Since the 50th anniversary of Liberation in 1995, a pattern of official ceremonies has developed based in and around Liberation Square in Saint Helier where the events at the Harbour Master's Office and Pomme D'Or Hotel occurred in 1945. Following a special sitting of the States of Jersey in the morning, States Members, clergy, the Bailiff of Jersey, the Lieutenant-Governor, Jurats, Crown Officers and other officials process from the Royal Square to Liberation Square accompanied by the Royal Mace and the Bailiff's Seal. An open-air ecumenical service takes place in Liberation Square followed by the singing of "Man Bieau P'tit Jèrri"/"Beautiful Jersey" (in Jèrriais and English) and a re-enactment of the raising of flags (including that at Fort Regent). A parade of vintage and military vehicles, bands and service organisations is reviewed by the official party.

The afternoon community celebrations are of an informal character, including a programme of entertainments and stalls in St Helier.

An official ceremony also takes place at the Crematorium, where there is a memorial to victims and slave workers of various nationalities.

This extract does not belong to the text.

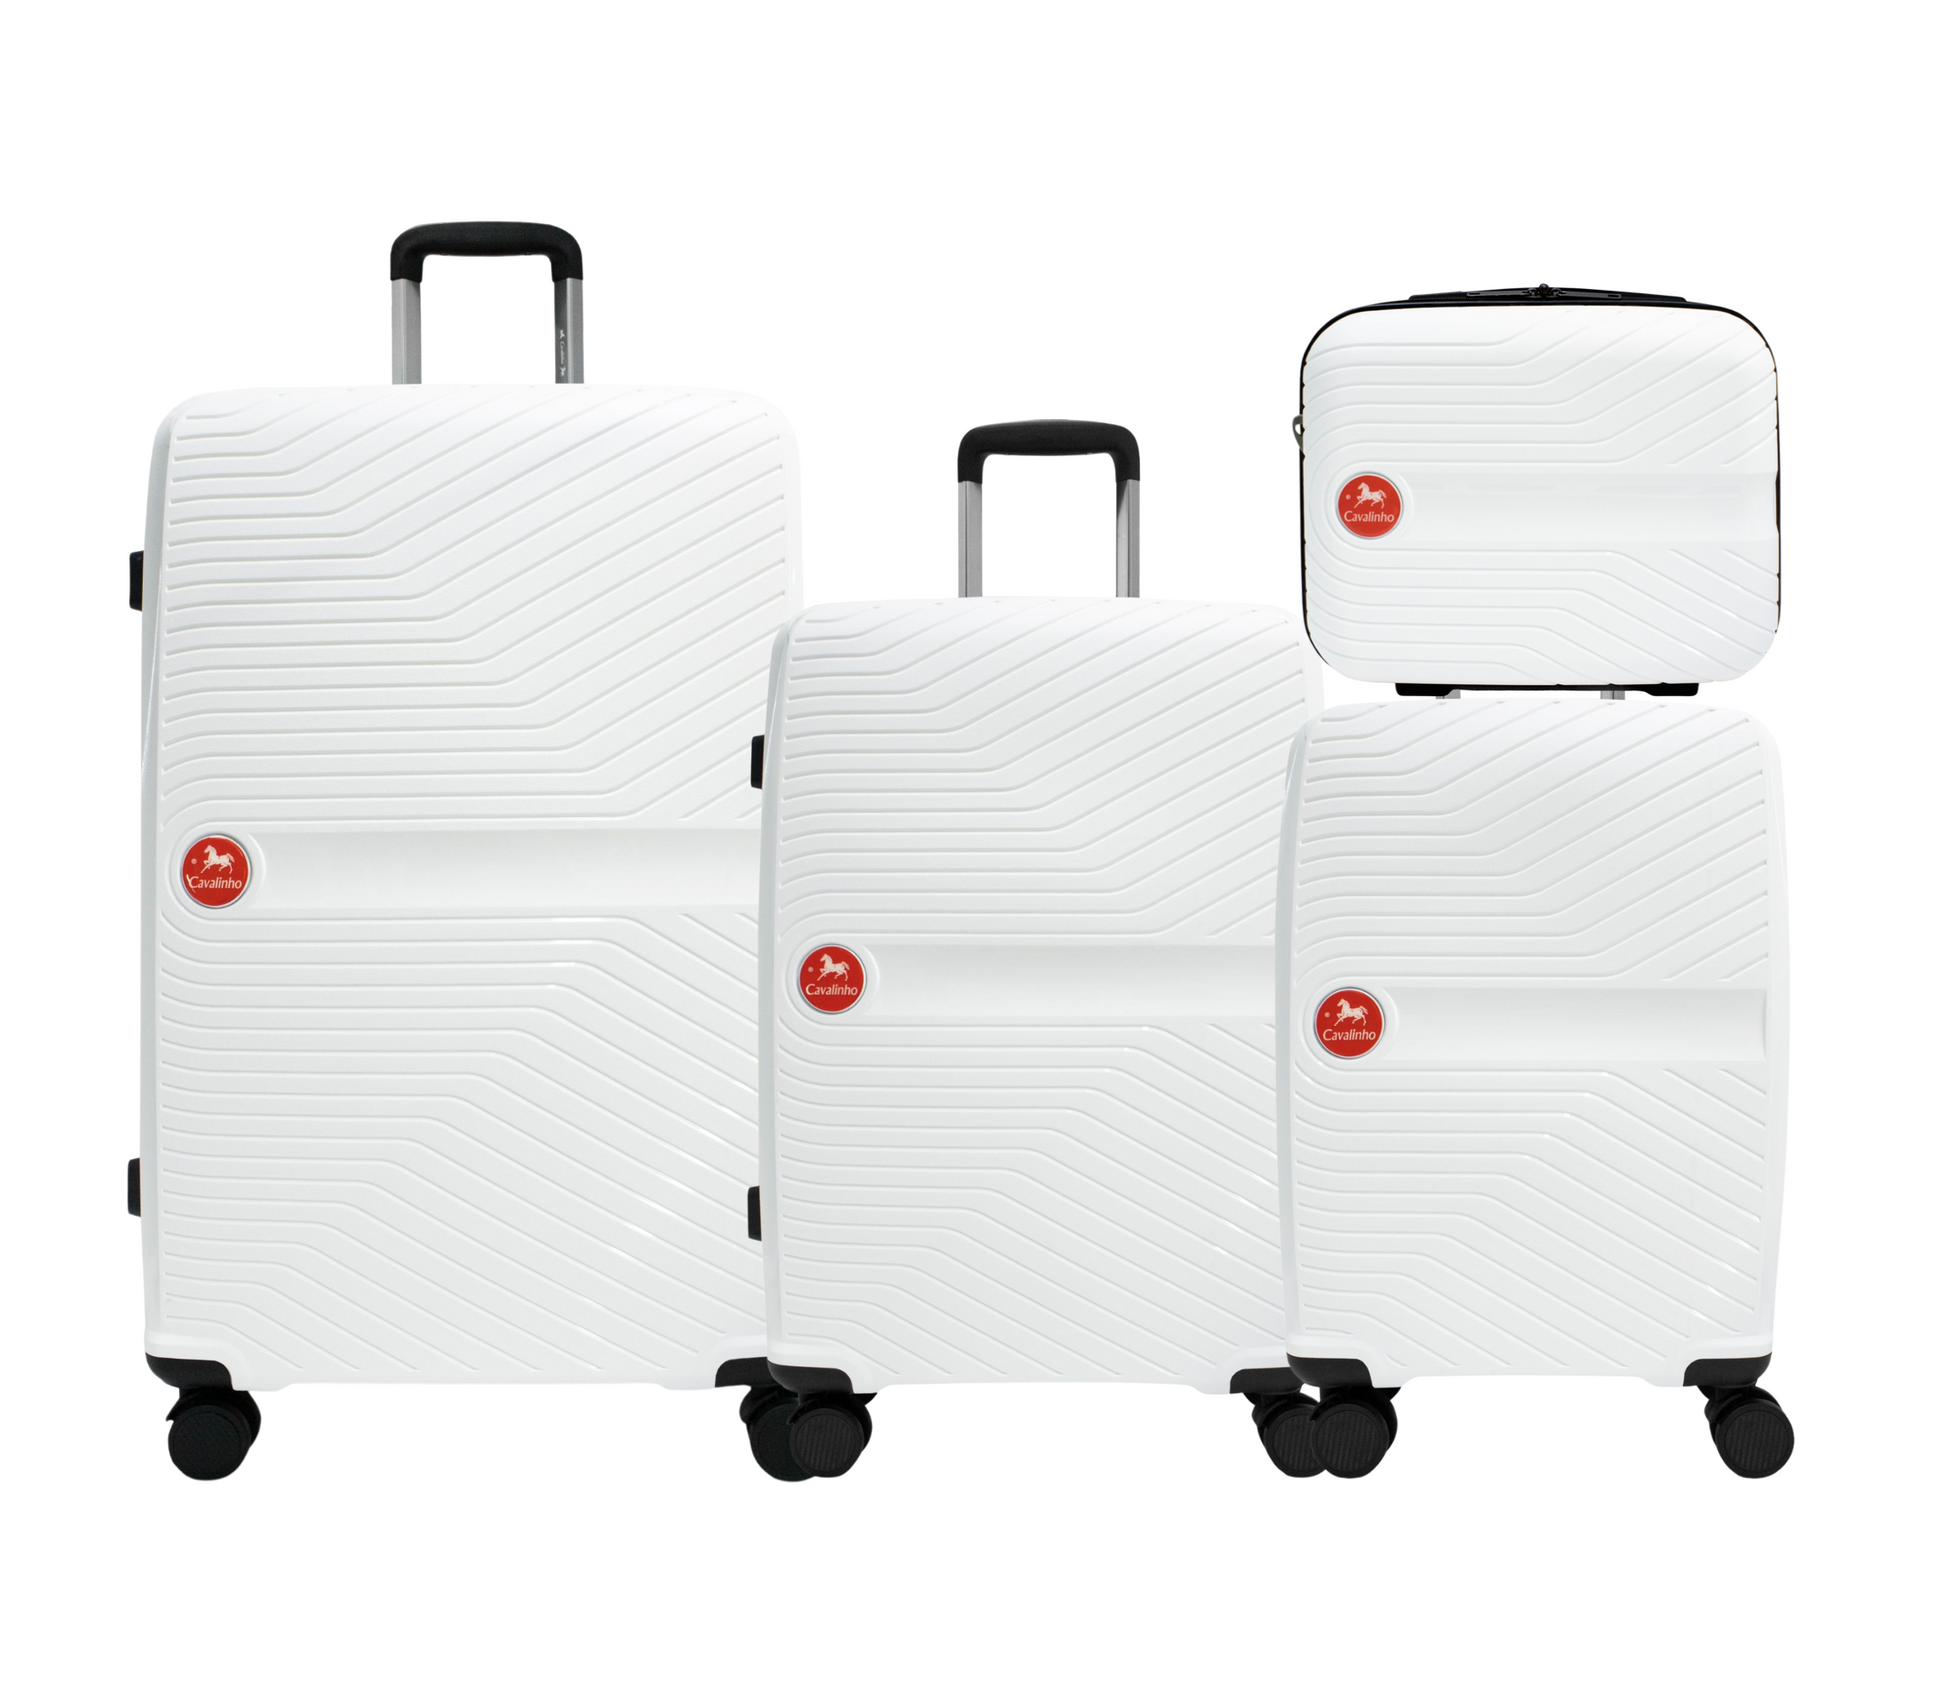 Cavalinho Canada & USA 4 Piece Set of Colorful Hardside Luggage (15", 19", 24", 28") - White - 68020004.06.S4_1

Representatives of affected nationalities take part in the commemoration.

In 1995, artist Eric Snell designed the Liberation Monument in St Peter Port to commemorate Liberation Day. The needle-like monument is designed to cast a shadow on a bench where the liberation of Guernsey is described. It was unveiled on 9 May 1995 by Prince Charles while military helicopters flew past.

The celebrations to mark the 75th anniversary of the liberation could not be held in 2020 or 2021, due to the COVID-19 pandemic and were postponed until 8–10 May 2022 when Prince Edward, Earl of Wessex and Sophie, Countess of Wessex were royal guests at the celebrations in Jersey, Guernsey, Alderney and Sark; they read a message to islanders from Queen Elizabeth II.